Not only is the third claim unexhausted, it is also procedurally barred because, if Petitioner returned to the state courts to exhaust the claim through another motion for appropriate relief, he would face mandatory imposition of the procedural bar under N.C. Gen. Stat. § 15A-1419(a)(1), (a)(3), and (b). See Rose v. Lee, 252 F.3d 676, 683 (4th Cir. 2001) (noting that § 15A-1419 procedural bars became mandatory in 1996). Where, as here, a habeas petitioner would find his nonexhausted claim subject to a mandatory procedural bar if he returned to state court for exhaustion, the claim is barred from federal habeas review. Breard v. Pruett, 134 F.3d 615, 619 (4th Cir. 1998) (citing Coleman v. Thompson, 501 U.S. 722, 735 n.1 (1991), for proposition that unexhausted claims are barred from federal review if, upon return to state courts, those courts would find claims procedurally barred).

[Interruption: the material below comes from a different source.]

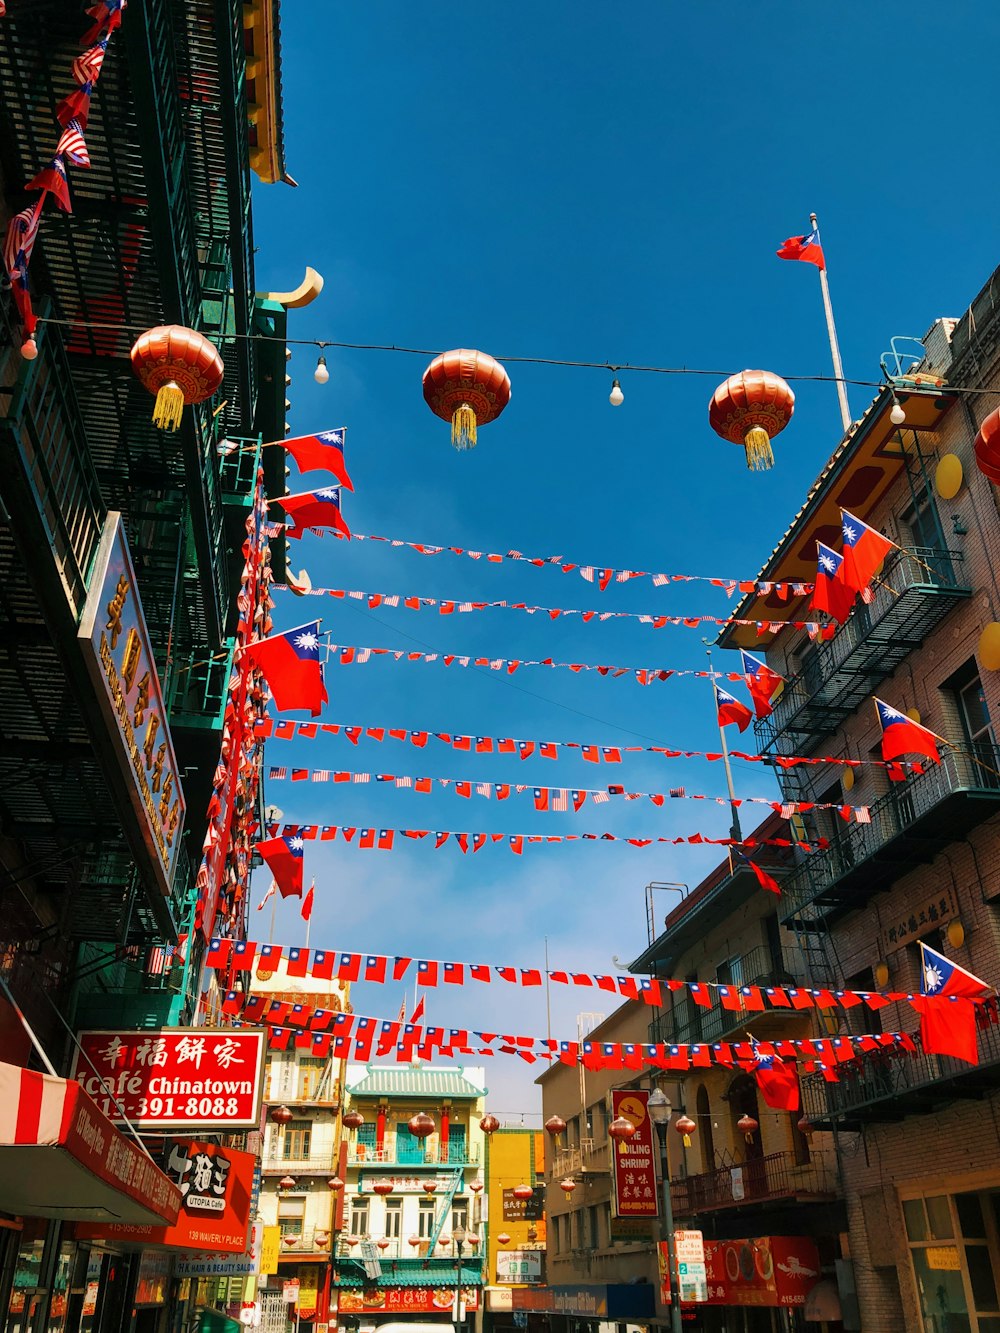 red Chinese hanging decor in between buildings during daytime
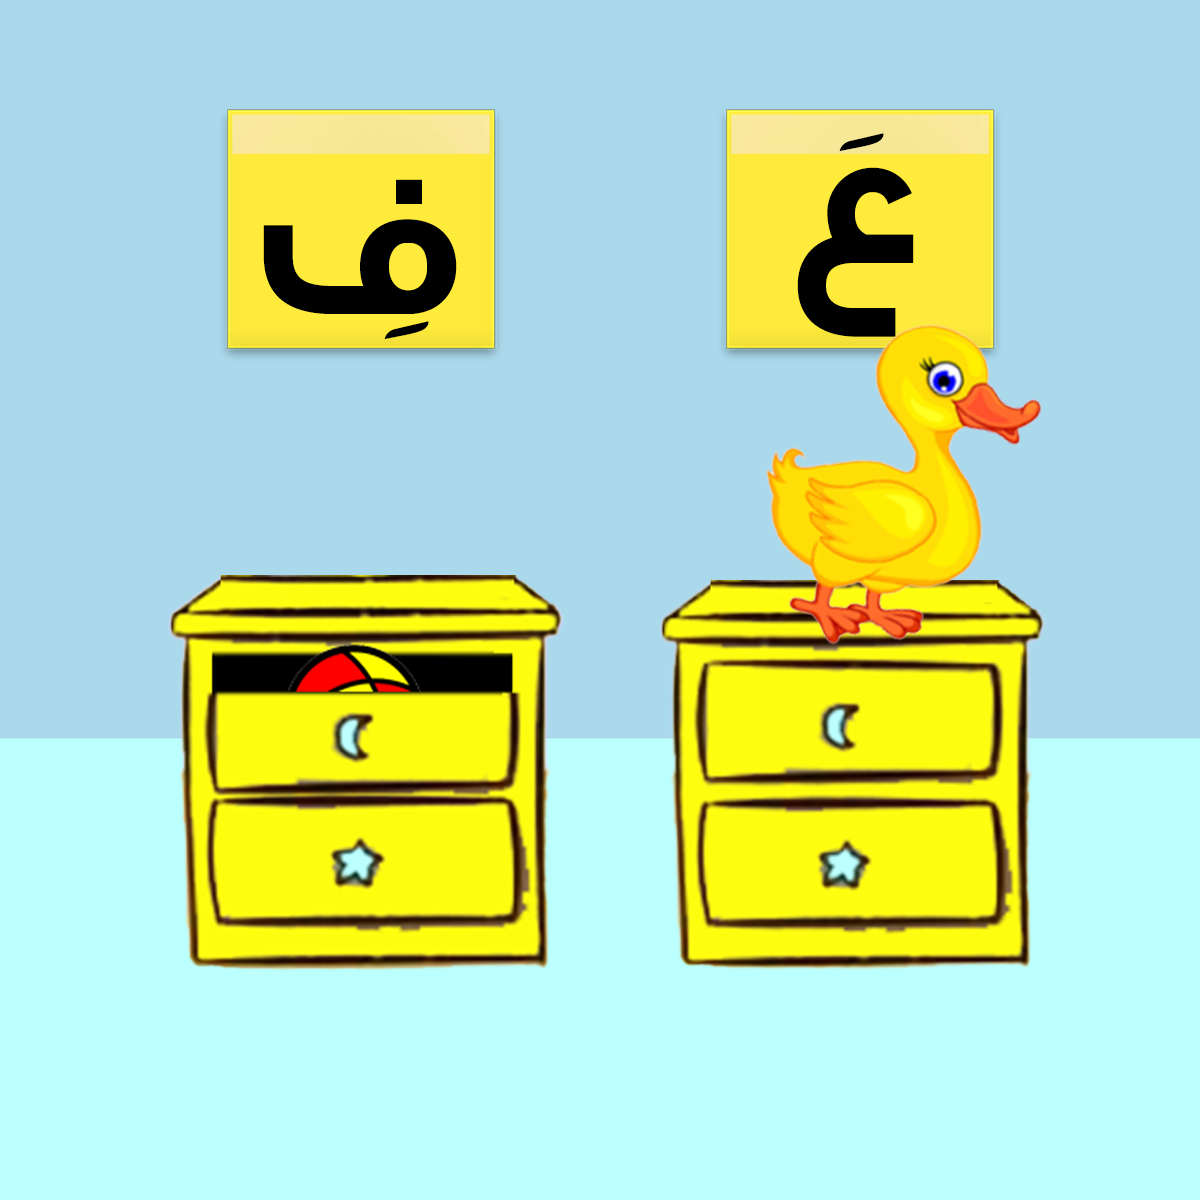 Speak Egyptian Arabic!  Explore + Build + Create | Beginner 1 | Small Group Online Class, Pay Weekly

In light of this procedural bar, Petitioner must demonstrate either cause and prejudice for his procedural default or must establish that this Court's refusal to address his claim will result in a miscarriage of justice. See Longworth v. Ozmint, 377 F.3d 437, 447-48 (4th Cir. 2004). Petitioner has made no argument on this point and no grounds for excusing the default appear in the record. In fact, the record clearly reflects that Petitioner was sentenced in the presumptive range for his convictions just as the judgment states. Petitioner's habitual felon conviction was a Class C felony under North Carolina law. N.C. Gen. Stat. § 14-7.6. Given his prior record level of IV, at the time of Petitioner's sentencing, the possible range of presumptive minimum sentences was 107 to 133 months. N.C. Gen. Stat. § 15A-1340.17(c)(2007). Petitioner received a minimum term of 120 months of imprisonment, which falls solidly in the middle of that range. The Court also set the appropriate corresponding maximum sentence of 153 months under N.C. Gen. Stat. § 15A-1340(e)(2007). Petitioner thus cannot demonstrate prejudice or a miscarriage of justice, which means that his claim is procedurally barred. Alternatively, the claim lacks merit. The claim is denied for the foregoing reasons.
This range was later revised downward effective December 1, 2009. See N.C. Gen. Stat. § 15A-1340.17(c) (2009).
As a final matter, although Petitioner has not made a formal motion for appointment of counsel or for an evidentiary hearing, he has requested both in his response brief. (Docket Entry 7 at 3-4.) Because all of his claims lack merit, no appointment of counsel or evidentiary hearing is necessary.
IT IS THEREFORE ORDERED that Respondent's Motion for Summary Judgment (Docket Entry 4) is granted, that the Habeas Petition (Docket Entry 1) is denied, and that Judgment will be entered contemporaneously with this Memorandum Opinion and Order dismissing this action.